Three local filmmakers have crafted a documentary that depicts not only the anomalous vibrancy of Ocean Gallery World Center, the iconic three-floor art gallery on 2nd Street and the Boardwalk, but of the gallery’s equally-anomalous owner and proprietor, Joe Kroart.
Written, directed, edited, and briefly starred in by filmmakers William Strang-Moya, Trevor Taylor, and Colin Riley, the documentary’s plot summary describes the beachfront gallery as holding “a mystique and madness that in the summer of 2018, three filmmakers set out to capture. An eccentric artist-entrepreneur, a building unlike any other, and a half-century in the making, experience the center of Joe Kroart’s world. Ocean Gallery World Center.”
The film will have its public premiere on Feb. 17 at a venue in Ocean City that is to be determined; It debuted at the Art League of Ocean City on Jan. 25 at a private screening that was held for the movie’s stars, the employees and artisans of Ocean Gallery, and their families.
The documentary covers the history of the business as well as Kroart’s “art cars,” including the iconic Batmobile and the Titanic Car which was sunk to the bottom of the ocean to become part of an artificial reef, but it also focuses on Kroart’s marketing tactics over the years – from sinking said Titanic Car to the bottom of the ocean to riding a bicycle off the gallery’s roof. There wasn’t an actual person on the bike once it was pushed to the Boardwalk down below, but a video was cut to make it look like Kroart had made the jump himself, getting up from the bike and waving his arms after “surviving” the dummy fall.
“I started working at Ocean Gallery 28 years ago,” said David Schroeder, the gallery’s framer, at the film’s private screening. “It’s been a fun place to work and I wouldn’t have stayed there for half that long if it wasn’t for this man… I’ve seen everything and anything you could imagine this guy doing.”
The screening of the documentary was followed by a question and answer session with the directors, as well as the movie’s cast, which included Schroeder, Kroart, artist Paul DeRemigis Jr., and Nicole McArdle. Kroart’s daughter Laura Kroart also appeared in the documentary to talk about growing up in Ocean Gallery (“my brothers and I had a… different childhood,” she said), and the future of the business. Additionally, former Maryland Senator Jim Mathias and David “Bulldog” Rothner of Seacrets radio station Ocean 98 made guest appearances in the film.
“After the first two shots when the guys were there shooting, we were like, ‘whatever you guys want, we’re here. Come in whenever you want, do whatever you want, it’s an open door,’” Schroeder said. “Hands down this last year was the coolest summer for me… What you guys put together in there was mind-blowing, hilarious.”
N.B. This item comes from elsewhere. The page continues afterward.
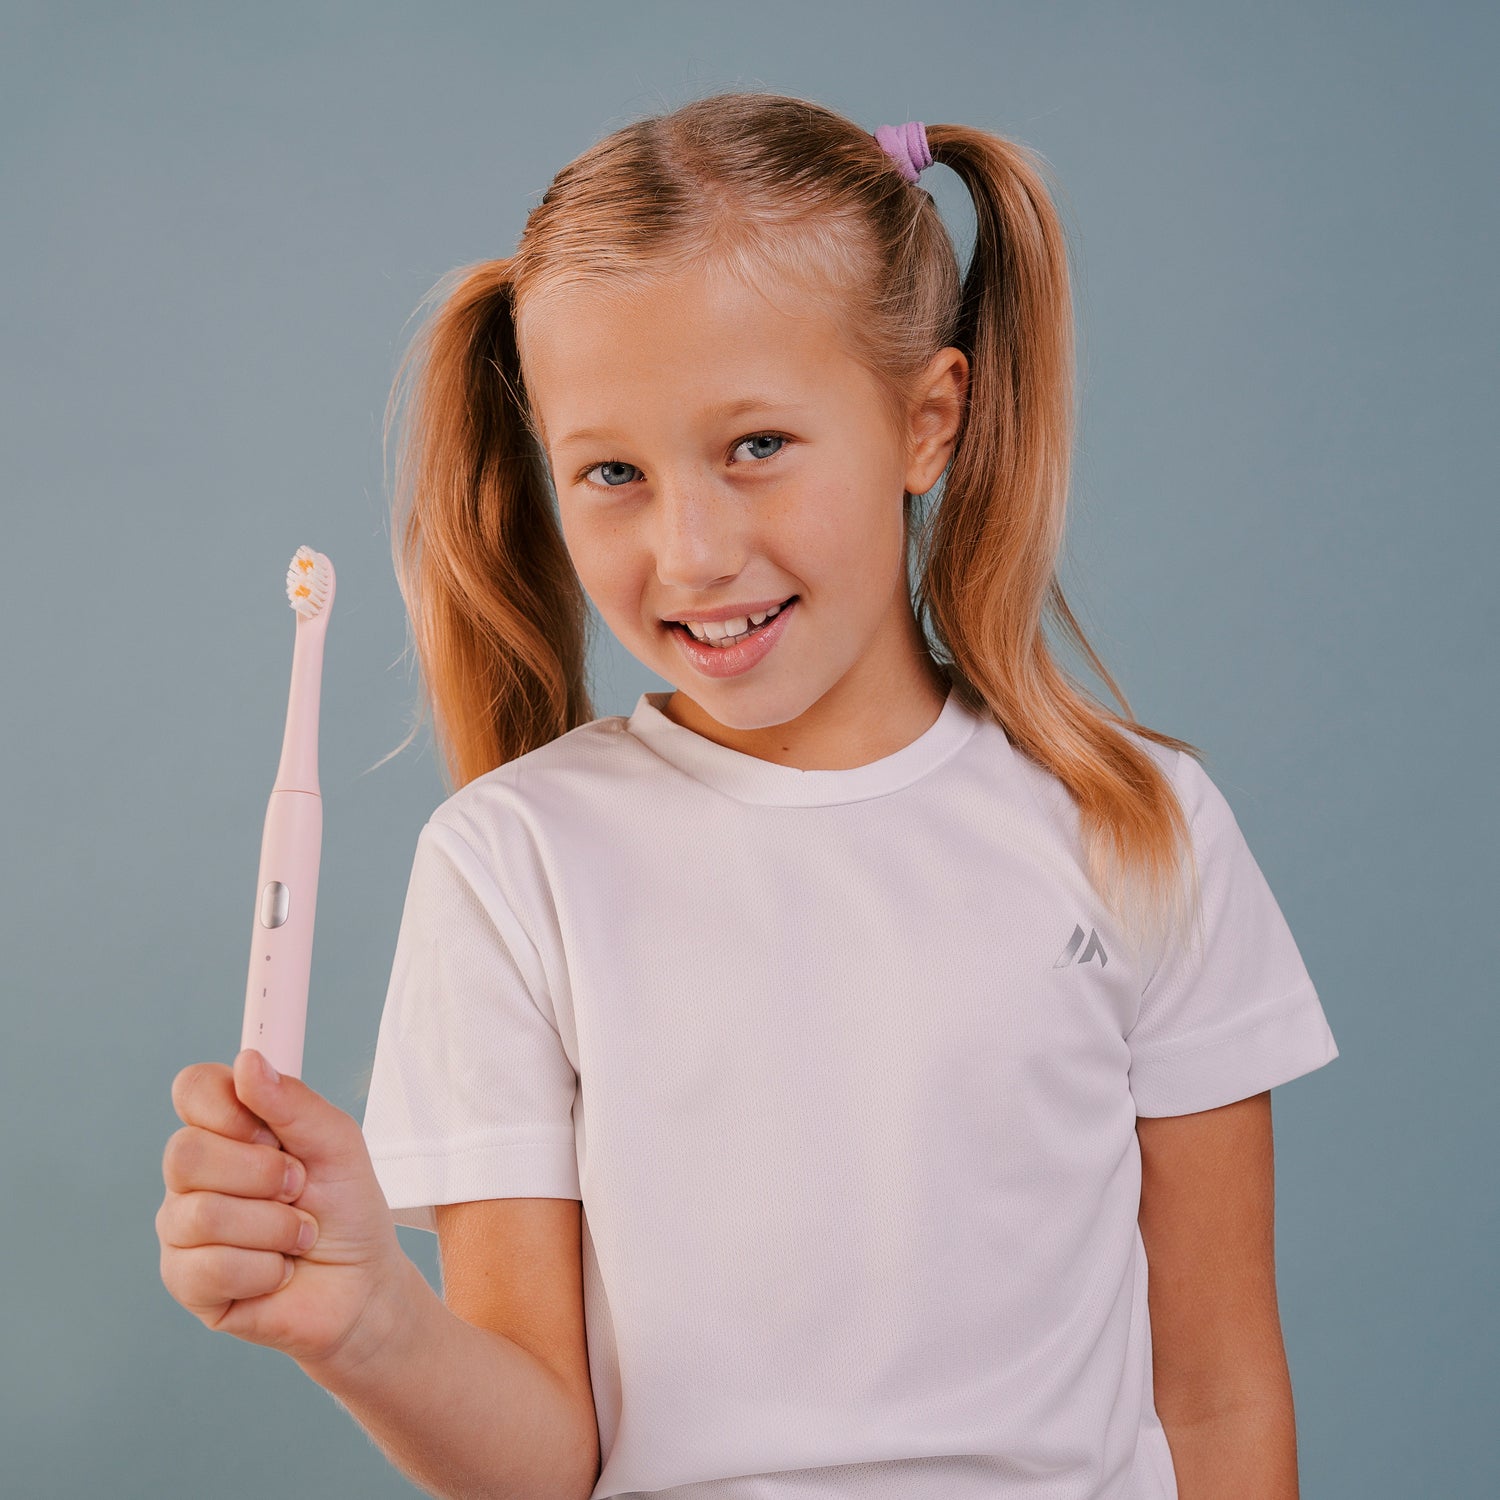 детская электрическая зубная щетка Smiley Light розовая купити дитячу електричну зубну щітку купить детскую электрическую зубную щетку купить электрощетку детскую електрична зубна щітка дитяча электрощетка зубная детская

“The crazy stuff that you saw [in the movie], that’s all real,” Kroart said.
A central message the documentary conveys is the “family” aspect of the business; not only the actual family members who sometimes work together, like Joe and Laura, but the employees who have worked together for decades, playing pranks on one another (particularly on resident artist DeRemigis) and sharing the fruits of their labor in the gallery’s many successes over the years.
“If you’re successful in something, they enjoy it as much as you do,” DeRemigis said. “When something’s good, [Kroart] is just as happy as I am when I create a new original, a new piece of art. That’s the whole thing, is sharing your success.”
In addition to the public screening on Feb. 17, “Joe Kroart’s World Center” will be shown during the Ocean City Film Festival at 4 p.m. on March 9 at the Francis Scott Key hotel.